About the interviewee
Dr. Carolyn Whitzman is a housing and social policy researcher. She is an Adjunct Professor and Senior Housing Researcher at University of Toronto’s School of Cities, undertaking research on scaling up affordable and non market housing supply. She has worked as an expert advisor to UBC’s Housing Assessment Resource Tools (HART) project, which developed standardized best practices for analyzing housing needs, using government land for non market housing, and nonmarket property acquisition, all of which has influenced federal policy.
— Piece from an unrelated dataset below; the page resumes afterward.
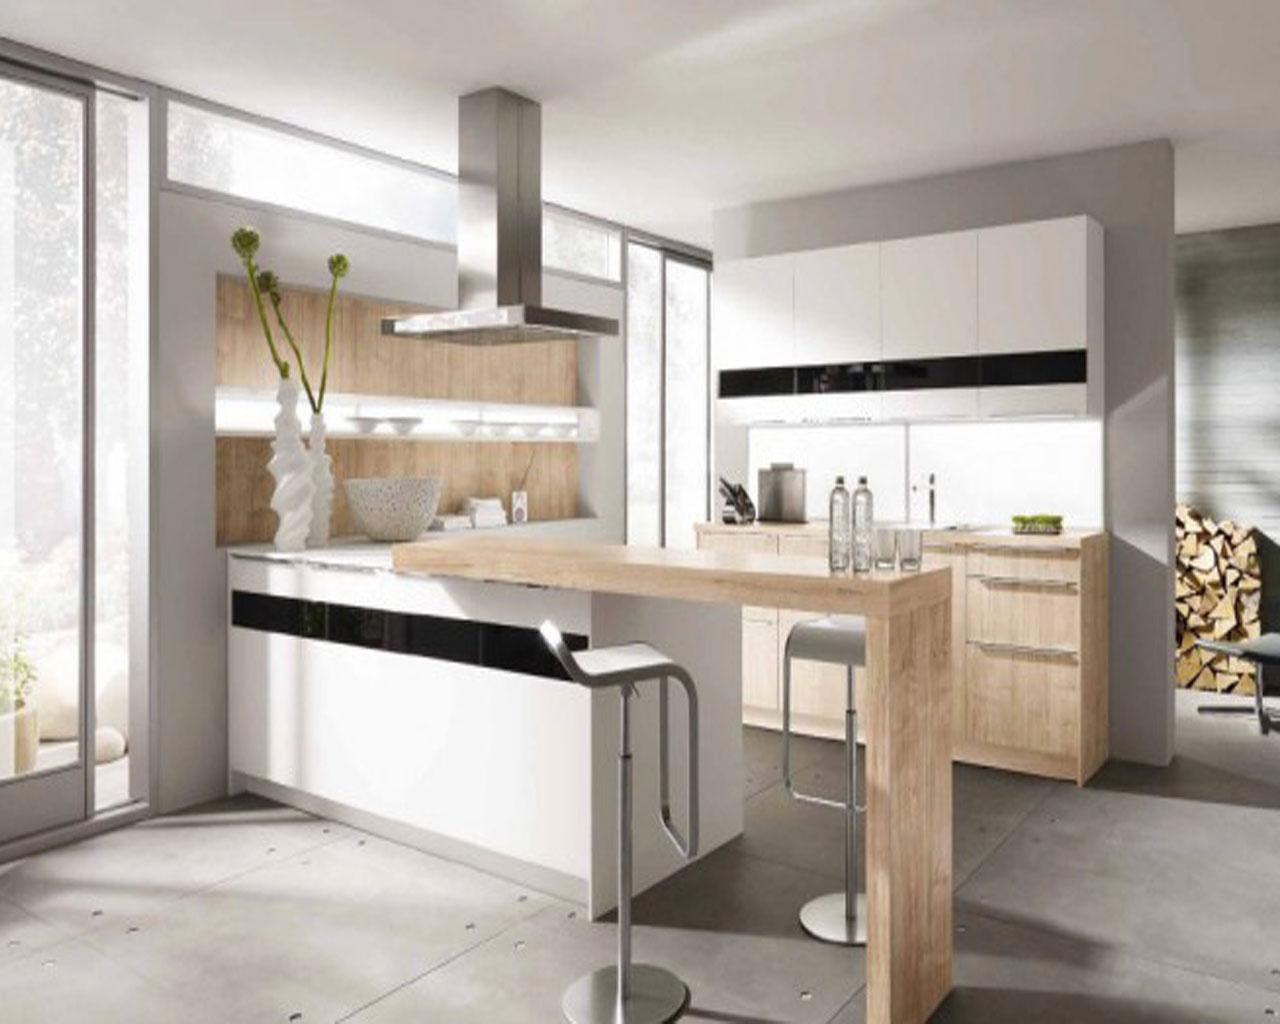 Best Kitchen Gallery: 25 Kitchen Design Inspiration Ideas of Kitchen Design Inspiration on rachelxblog.com

She is the author or co-author of over 80 book chapters, articles, and reports, on issues related to the right to the city. She was a Professor of Urban Planning at the University of Melbourne (2003-2019) and a Senior Policy Planner at the City of Toronto (1989-99). She has provided expertise to national, state/provincial and local governments, UN Women, UN Habitat, and private or non-profit organizations.